¹Vilnius University, Faculty of Medicine Vilnius, Lithuania


Wilson’s disease is an autosomal recessive disease that causes pathological accumulation of copper in the body. The most common groups of symptoms are varying degrees of liver damage, neurological symptoms, and mental disorders. There is no single diagnostic test to confirm the diagnosis, and a comprehensive test is needed to diagnose the disease. The gold standard of treatment is pharmacotherapy of copper-binding chelates. The drugs currently in use have a high number of adverse reactions, and newer and safer treatments are constantly being sought.

Aim: To select and analyze literature sources related to innovations in the diagnosis and treatment of Wilson’s disease.

Methods: A literature review was performed based on the PubMed, ClinicalKey, and UpToDate databases. The publications were selected using the following keywords in the original language: “Wilson’s disease”, “Wilson’s disease diagnosis”, “Wilson’s disease treatment”. Exclusion criteria were: language, duplicate articles. Despite efforts to focus on publications from the last 5 years, the citation period was not limited. 63 articles were reviewed, from which 47 articles were selected for further analysis.
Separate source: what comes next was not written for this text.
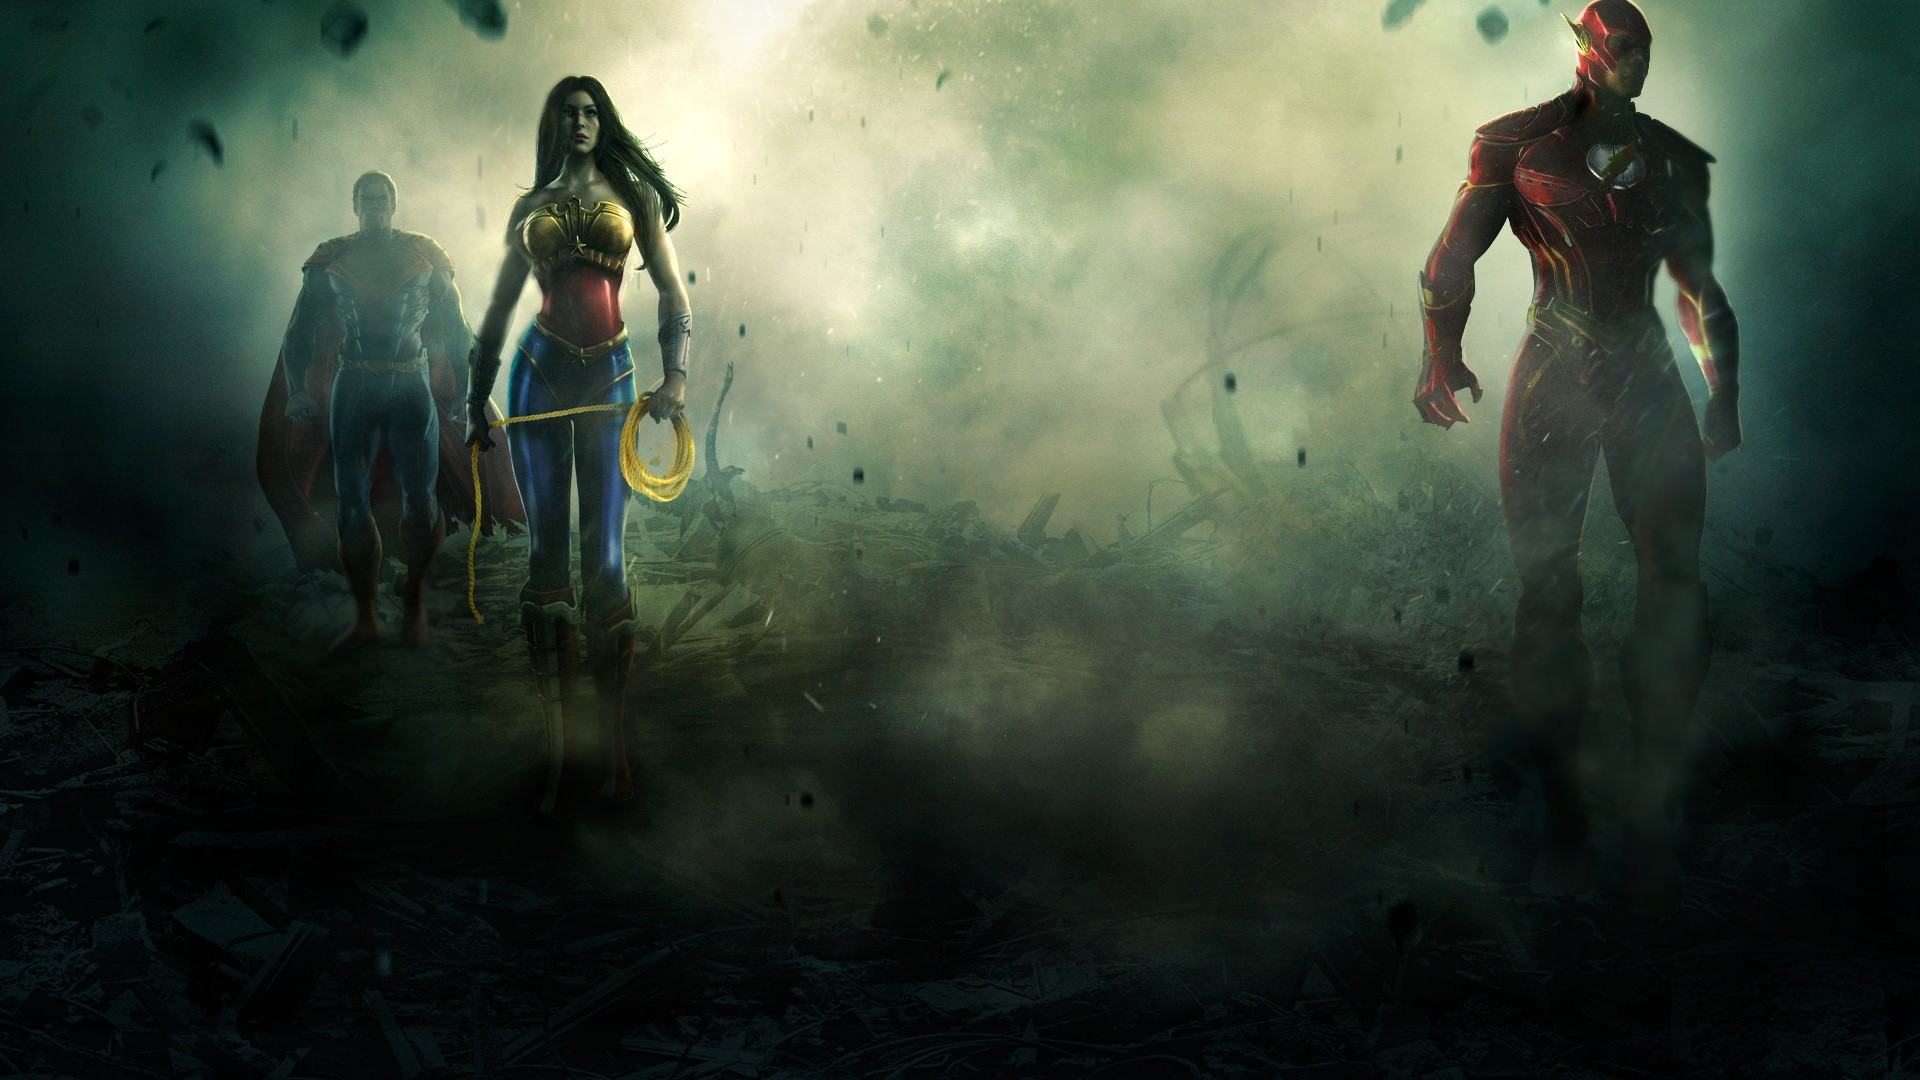 Superman, Wonder Woman ,Flash wallpaper so you can download wallpaper .

Results: Wilson’s disease is a rare, autosomal recessive inherited disease that disrupts copper metabolism. Complete regression of symptoms is possible with early initiation of treatment, so a thorough diagnosis and selection of the most appropriate treatment is important.

Conclusion: This literature review presents key aspects of challenges and innovation in the diagnosis and treatment of Wilson’s disease.

Keywords: Wilson’s disease, autosomal recessive disease, disorder of copper metabolism.